Tidak heran lebih dari 2,5 juta orang Ukraina ramai-ramai pindah ke Polandia sebagai pengungsi setelah Ukraina terus digempur oleh peluncur-peluncur kendali Rusia. Mereka menyatu kembali dengan saudara-saudaranya yang sudah puluhan tahun bermukim di Polandia.

Nah, semua fakta sejarah ini, tampaknya, kurang mendapat analisis dalam buku yang sebetulnya bagus dan cukup komprensif ini; semata-mata karena perang yang digambarkan dalam buku ini terutama diteropong menurut aspek intelijen strategis.

Pada saat ini, perang sulit diakhiri, karena Putin merasa akan kehilangan pride (harga diri) yang besar jika ia harus mundur dari peperangan, menurut keyakinan Dr. Connie Rahakundini, analisis masalah perhanan/keamanan yang tajam, tapi adakah kemungkinan pecah perang nuklir apalagi perang dunia sebagai akibat perang Rusia-Ukraina, analisis BAIS, kecuali kemungkinan itu. Putin juga mungkin sudah lelah karena korban yang jatuh di pihak Rusia dan senjatanya yang hancur tidak terbilang kecil. Rakyat Rusia diam-diam juga tidak senang pada Putin akibat perang yang berkepanjangan ini.

Belum lama ini terbetik berita meletusnya semacam pemberontakan dari tentara Putin untuk melawan kepemimpinan Putin. Di sisi lain, NATO pimpinan AS juga enggak berani melawan Rusia dengan membanjiri persenjataannya kepada Ukraina karena dia bukan pemimpin tipe hawkseperti pendahulunya, Donald Trump. Ia enggak berani mengambil keputusan hawk untuk menggempur Rusia habis-habisan. Semua orang tahu tabiat Vladimir Putin yang puluhan tahun jadi agen-agen KGB, tabiatnya: berani dan nekad.
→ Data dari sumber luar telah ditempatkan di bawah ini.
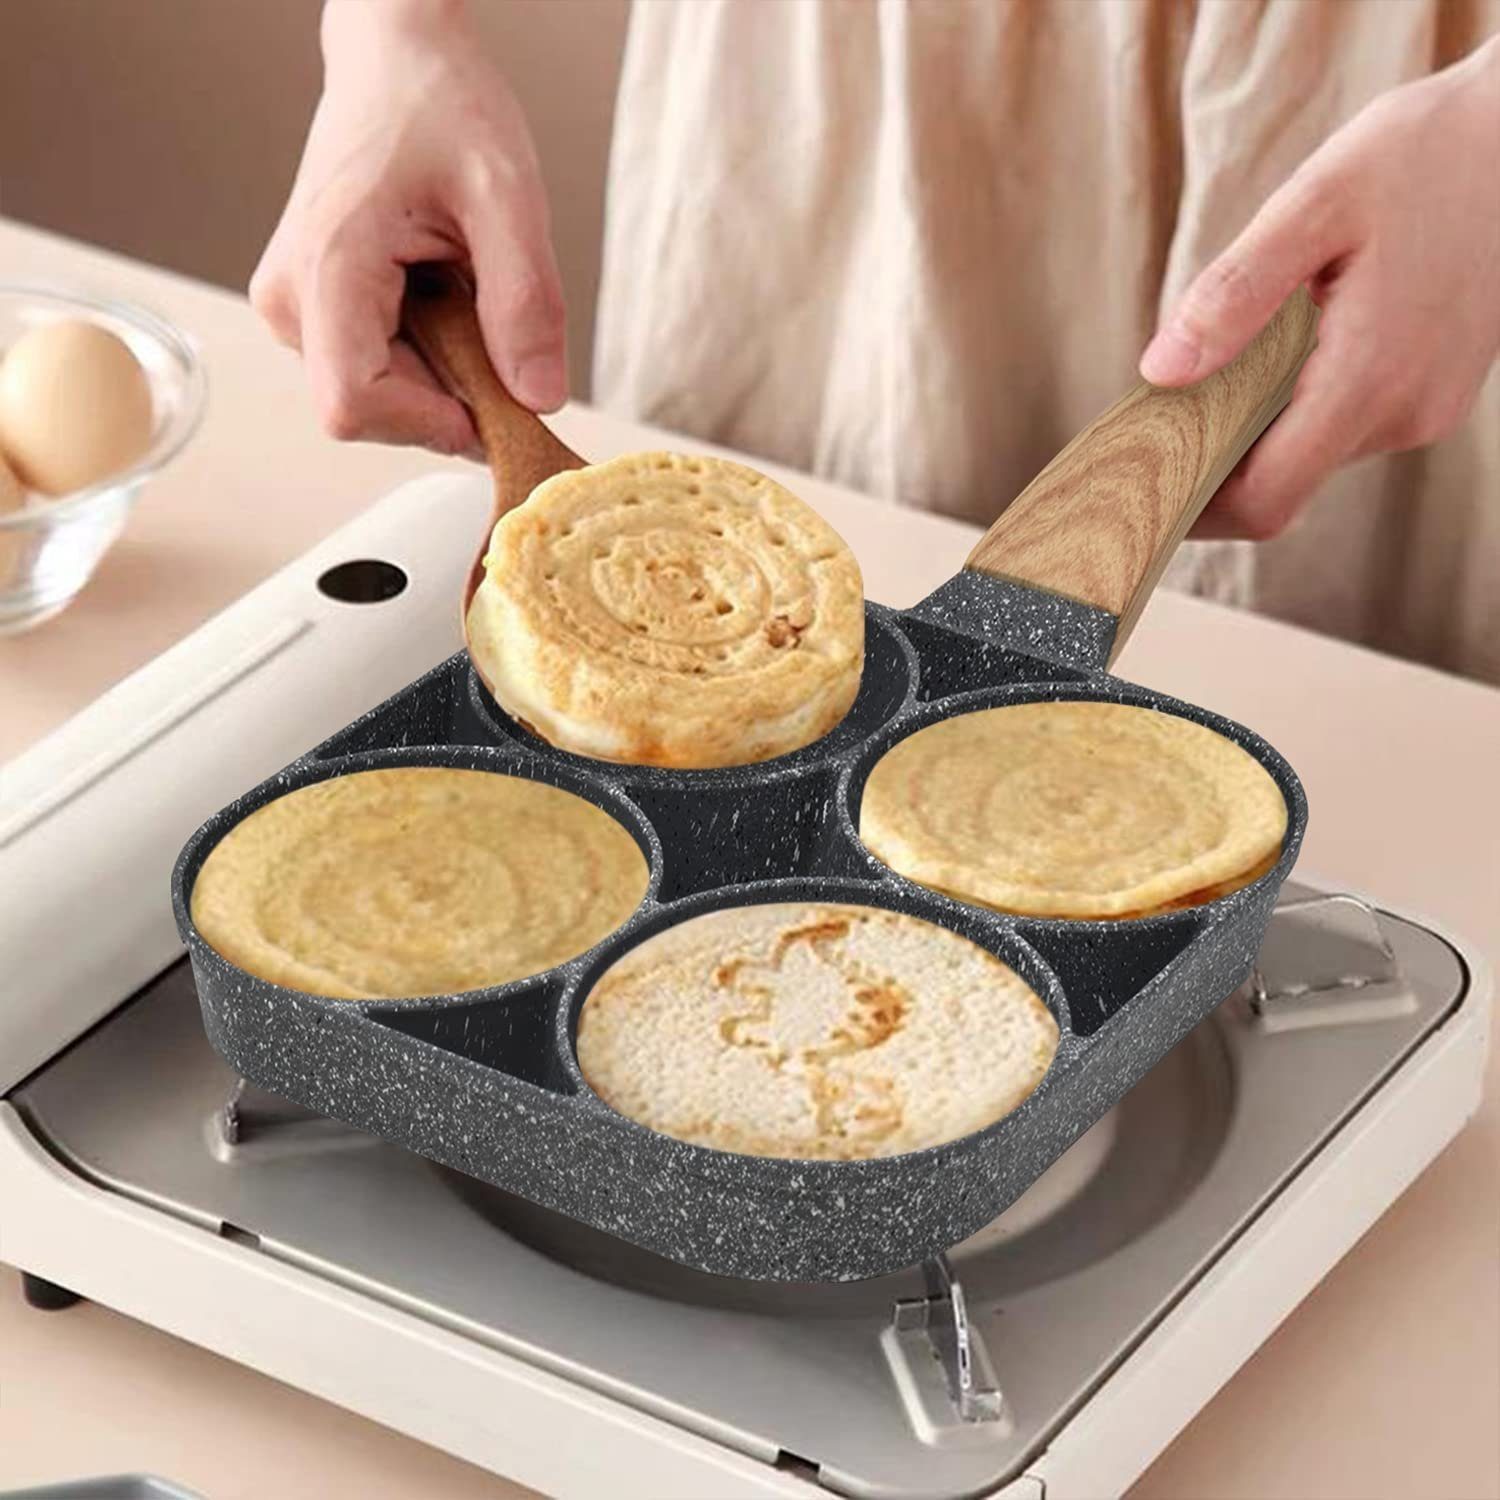 JOEJI’S KITCHEN Egg Pfannkuchenpfanne Crêpepfanne Induktion Pfanne Frying Maker - Pan Pancake

Tapi menurut Ibu Connie dan Gubernur Lemhannas dalam pertemuannya yang eksklusif dengan Putin mendapat kesan bahwa Putin tidak mau atau tidak berani meluncurkan nuklirnya ke arah NATO, khususnya jika perang mencapai eskalasi lebih tinggi.

Untuk sementara, peperangan berlangsung dead-lock; maju tidak mundur pun tidak. Putin misalnya tidak mau / atau tidak tega menutup perairan sangat penting di Ukraina karena akibat fatal bagi ekonomi Ukraina jika ia tutup totol.

Masalahnya, perang Rusia-Ukraina berakibat banyak negara termasuk Indonesia yang kena getahnya di sektor ekonomi. Jangan lupa Rusia negara produsen minyak terbesar di dunia. Guncang-guncang akibat peperangan ini juga membuat harga pupuk dan pangan membubung, negara kita jadi korban.

Idealnya, PBB bisa menjadi pendamai yang efektif untuk menghentikan perang Rusia-Ukraina. Sayang, PBB tampaknya sudah kehilangan wibawa, kerapkali lembaga dunia ini dituding antek Amerika Serikat. Maka, beberapa kali Sekjen PBB bertemu Putin dan Zelenzki, hasilnya hampa.

Buku yang diterbitkan oleh BAIS TNI, menurut hemat kami sangat bagus, cukup komprehensif peneropongan masalah maupun analisisnya karena mendapat bantuan dari pimpinan Lemhannas. Mungkin narasumber yang dipakai kurang kuat. Seyogianya, beberapa eks. Duta Besar kita terutama di Rusia dan Ukraina dimintakan pendapatnya juga.

Tapi kita harus angkat jempol pada Pimpinan BAIS dan Panglima TNI yang berani mengambil keputusan menyusun buku ini yang kuat dengan nuansa intelijen strategis, ranah yang sebetulnya tertutup untuk masyarakat umum.